I stood up a home server in June of 2000, looking for a bit of that “whee I’m a sysop too!” social interaction I missed out on due to growing up poor. Gave out shell accounts and web hosting to anyone who asked. Surprisingly the server lasted until 2015, despite me being a terrible sysadmin with no idea what he was doing.
I’m trying to bring it back up as something slightly more modern. Recently got OpenLDAP loaded with my old users and mail set up, using seven VMs, each on its own vlan and /30 net: openldap of course, postfix, opendkim, dovecot, roundcube, and two for bind9. I figure I’m certainly going to forget things and get compromised, but hopefully this isolation will minimize how useful a rooted VM is.
I have this hesitation to ask for too much help, as I feel like it’s the same kind of help someone would use for a small business and would need to pay for. I feel like I should write this up and share it, once I get everything working. Most people doing this for commercial reasons wouldn’t share what they did on company time, I feel like.

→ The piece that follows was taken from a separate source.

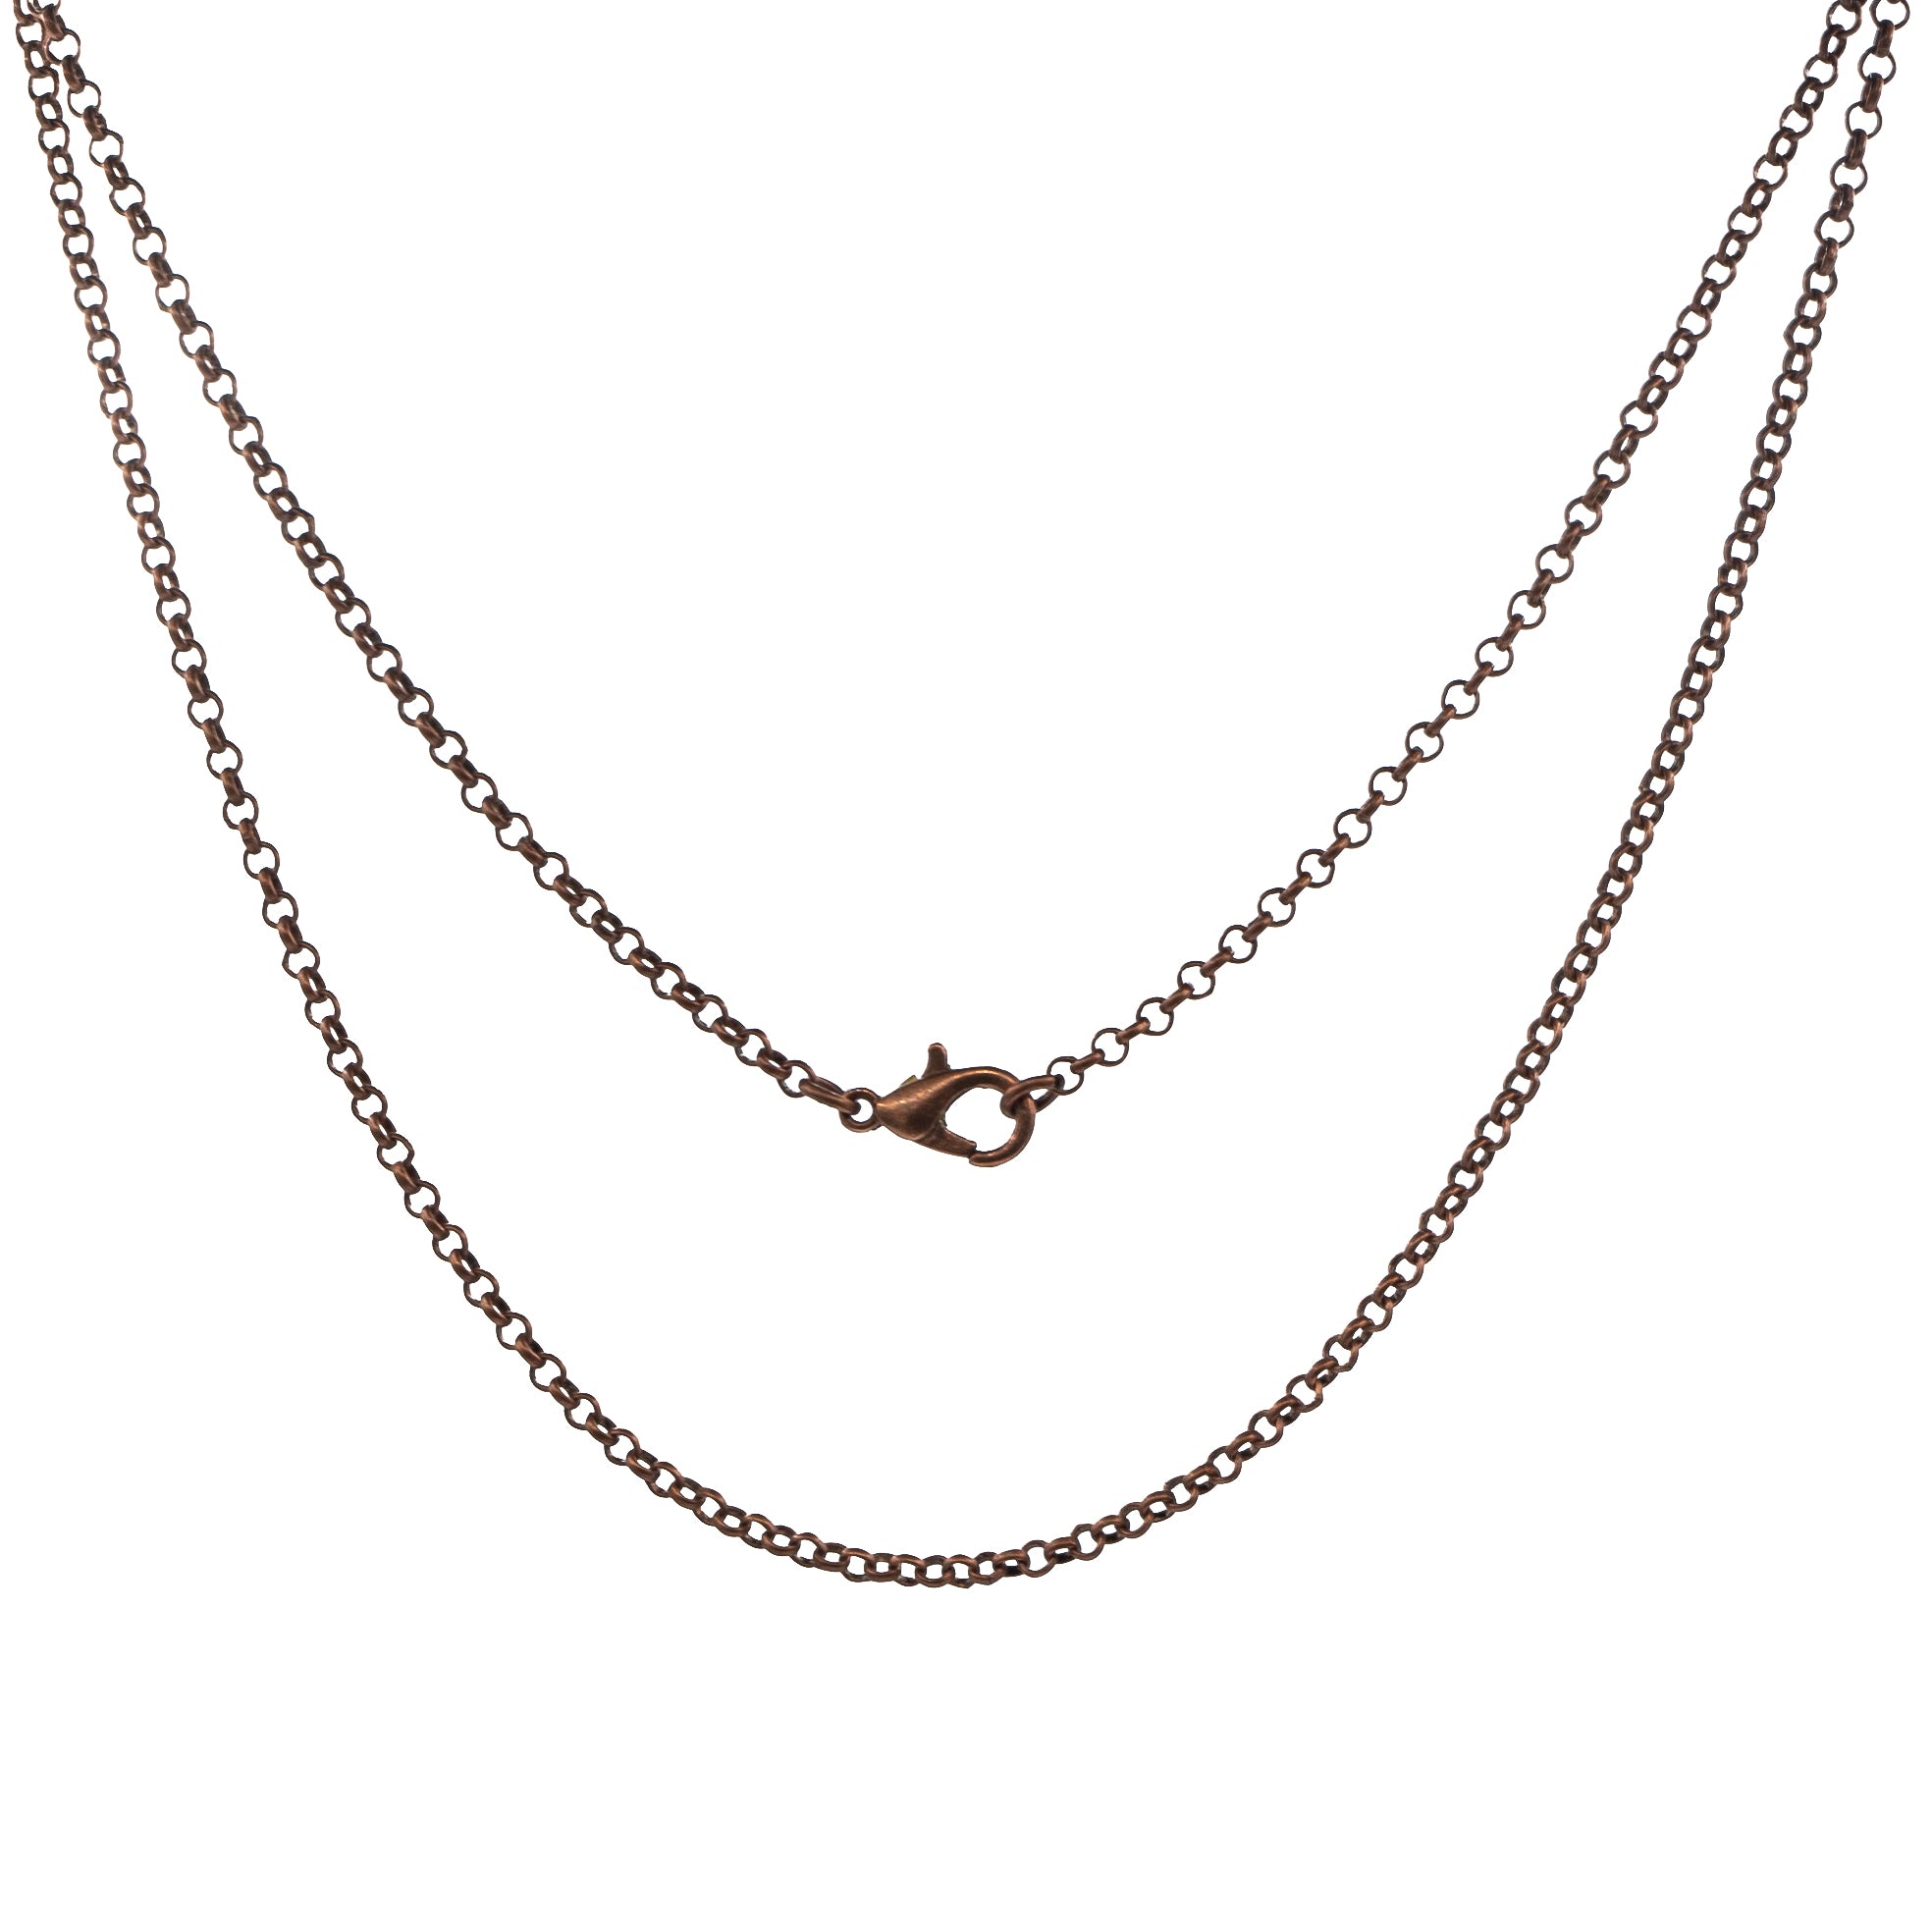 Chain - Copper 24" $8

Yep this is a good place to post anything learning related. Also I think you'd be surprised how helpful people can be so I wouldn't be shy about asking. Ask here, ask on Mastodon too.

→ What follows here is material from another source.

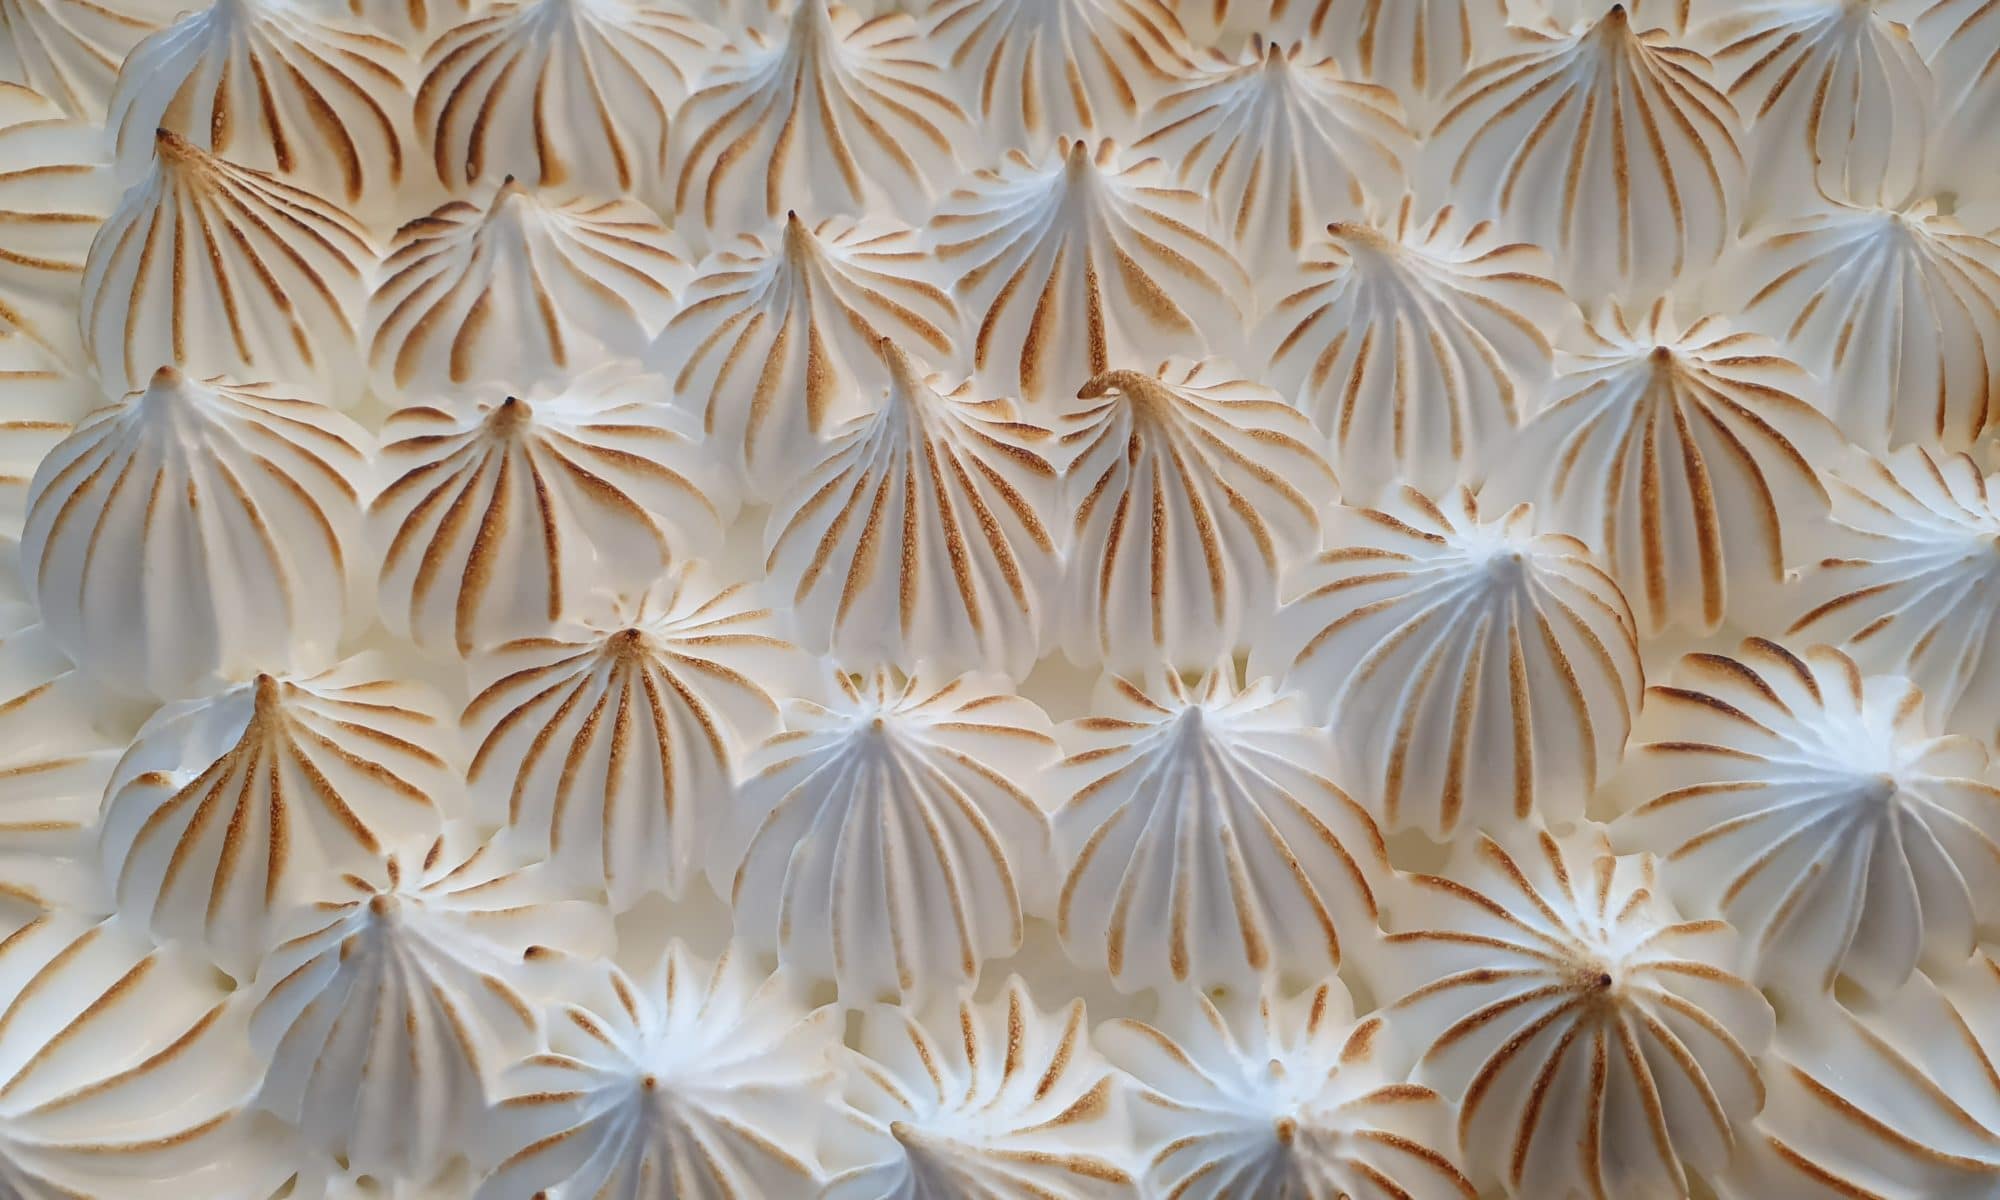 One of my favorite pastry, the lemon meringuepie

I don’t know if this is a reasonable thing to want, but I want to create it if it doesn’t. Or I need to understand why my expectations are warped.
I have this impression that, in 1995, you could just stand up a Solaris or Sys V UNIX box on the public internet, run some common default services that most people wanted on a “standard internet host” and they would more or less do ok. Try that today, of course, and things would not be ok.
I think there should be a guide for creating a similar environment with free (and/or “free”) software. My version would start with: you’ll need server hardware totaling around 32 GB of RAM or more, on one machine or several. Recycled laptops or corporate desktops work, though you’ll need vlan aware switching if multiple machines. We’ll assume a static ip and a domain with dnssec support. Here’s what that means.
And then a sort of step by step for a management vlan, a vm hypervisor, management vm, firewall, gsa/openvas, an apt-mirror VM, and then we start setting up services. Each service gets its own VM, and gets a /30 net and firewall rules allowing minimum permissions. DNS, then OpenLDAP, then haproxy, then email, etc.
I’ve been on a journey setting this all up for myself, and I think my biggest problem has been understanding the abstract concepts. I was following an OpenLDAP walkthrough, for example, without really understanding how different clients would be using it. I found a whole series of articles on setting up email, and was able to adapt their approach (single hosted VM, sql storage for user info) to my own (four VMs, LDAP storage for user info). But I’m still struggling with postfix mapping tables for example.
Setting aside if it’s possible to find this sort of “follow these steps for an exceptionally secure, though maintenance heavy, internet site!” walkthrough, is this even something people want? Maybe I’m being too egocentric, assuming everyone must want what I want. The whole thing is unmaintainable if the reader is just walked through the steps without getting a deep understanding of what and why. Maybe people looking for walkthroughs generally don’t want all of the extra steps.
Does what I’m proposing make sense? Should it exist? Does it already?
I think it makes sense. Not sure if it exists already. As for the question of "do people want it?" The Internet is a big place. No matter what you could possibly think up, there's probably some folks out there who are interested. If you think it's interesting than others probably do to. Go for it!